Technical blog: the FinalAV Security framework

1. The traditional anti-virus model and its limitations

The vast majority of anti-virus, and broadly endpoint security solutions nowadays, use two methods:

1.1 Signature-based Detection

The original approach already used by the very first commercial antivirus products in 1987, such as McAfee VirusScan, NOD (now ESET), Flushot Plus and G DATA Software’s AntiVirusKit. These systems literally maintain a “black list” of known virus or malware, and when an application is launched in your computer, they check its file signature and will block any that is in such “black list”.

To speed up the identification of applications at launch time and keep the “black lists” within a manageable size, they use file hashes rather than comparing the whole file content. A file hash is a unique, fixed-length alphanumeric string (a “digital fingerprint or signature”) generated by a cryptographic algorithm from a file’s binary content.
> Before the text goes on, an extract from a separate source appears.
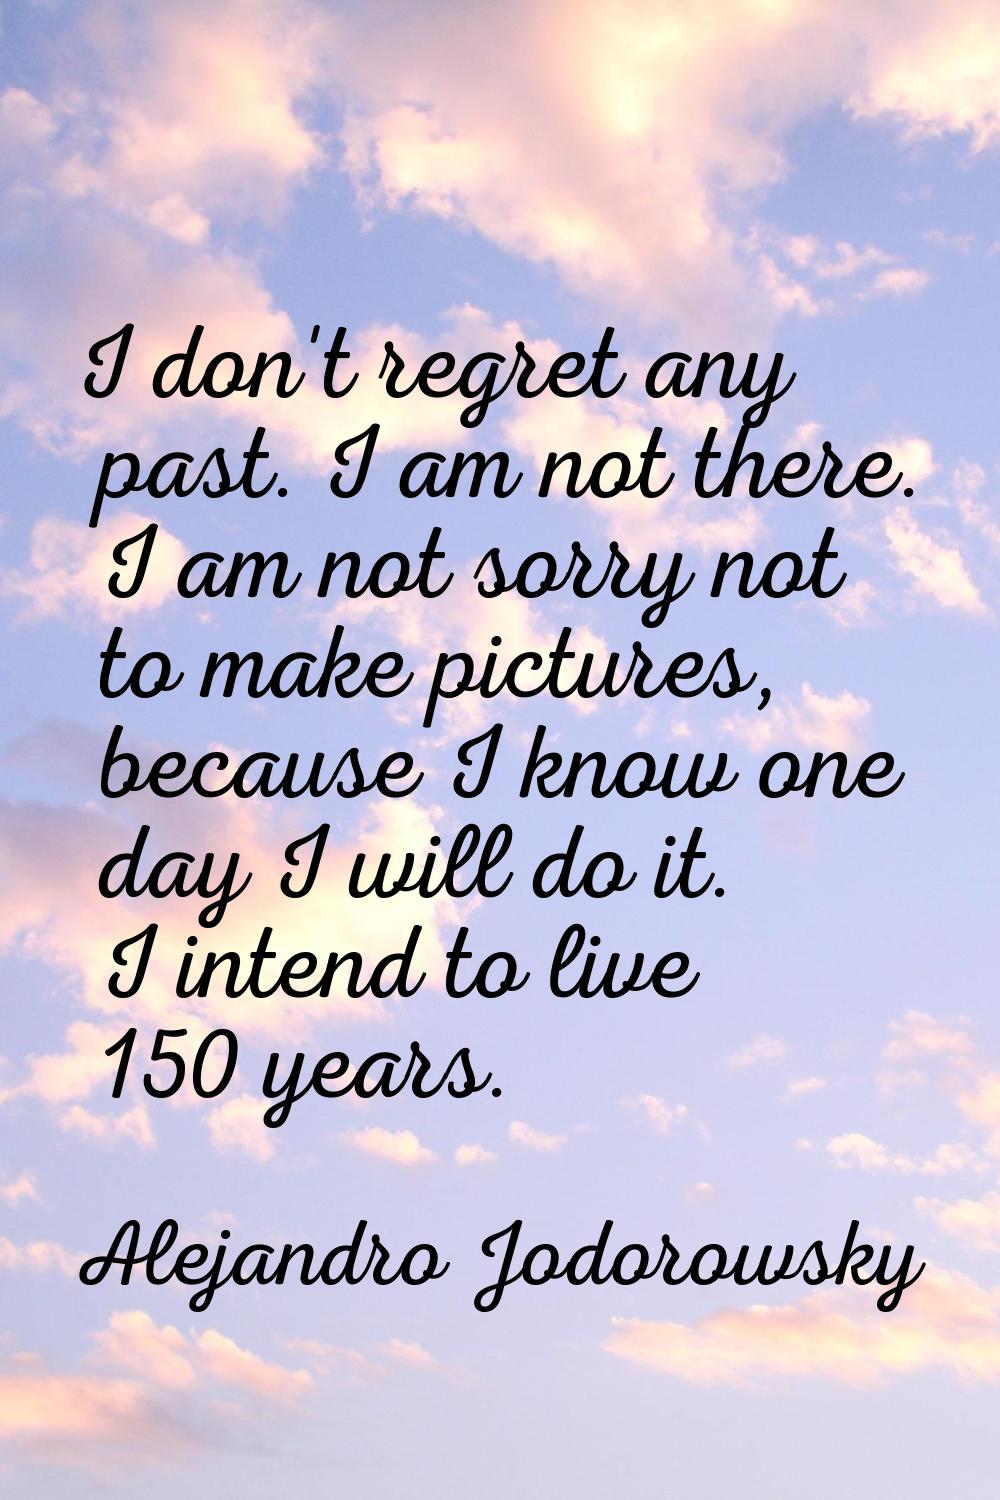 I don't regret any past. I am not there. I am not sorry not to make pictures, because I know one da

Because even a one-bit change in the file changes the hash entirely, it acts as a definitive identifier.

An important consideration, is that the detection at launch is typically implemented at file level using a device driver. For instance, in the Microsoft Windows operating system, file system mini-filter drivers are used. When a user double-clicks on, say, the Microsoft Word icon on the Windows desktop to launch the word processing application, the process Explorer.exe which handles large parts of the user interface and file system will open the executable file C:\Program Files\Microsoft Office\root\Office16\WINWORD.EXE, create a process in memory by loading its contents into memory, along with all the required dynamic link libraries (DLLs), and trigger its execution. Anti-virus software solutions “hook” or insert themselves in the executable file opening stage, so they can check whether the file hash or “digital signature” of the launched application is on the malware “black list”, in which case it would abort the launch protecting the system.

1.2 Behavioural/heuristic detection

In recent years endpoint security solutions have added capabilities to identify suspicious code and/or behaviour, to cover situations when the signature-based approach has failed. Heuristic analysis looks for suspicious code structures or commands that look similar to known threats, even if an exact signature is not found. Behaviour monitoring watches what a program actually does (e.g., if a file suddenly starts encrypting hundreds of documents or trying to disable system logs), in which case the antivirus steps in to kill the process.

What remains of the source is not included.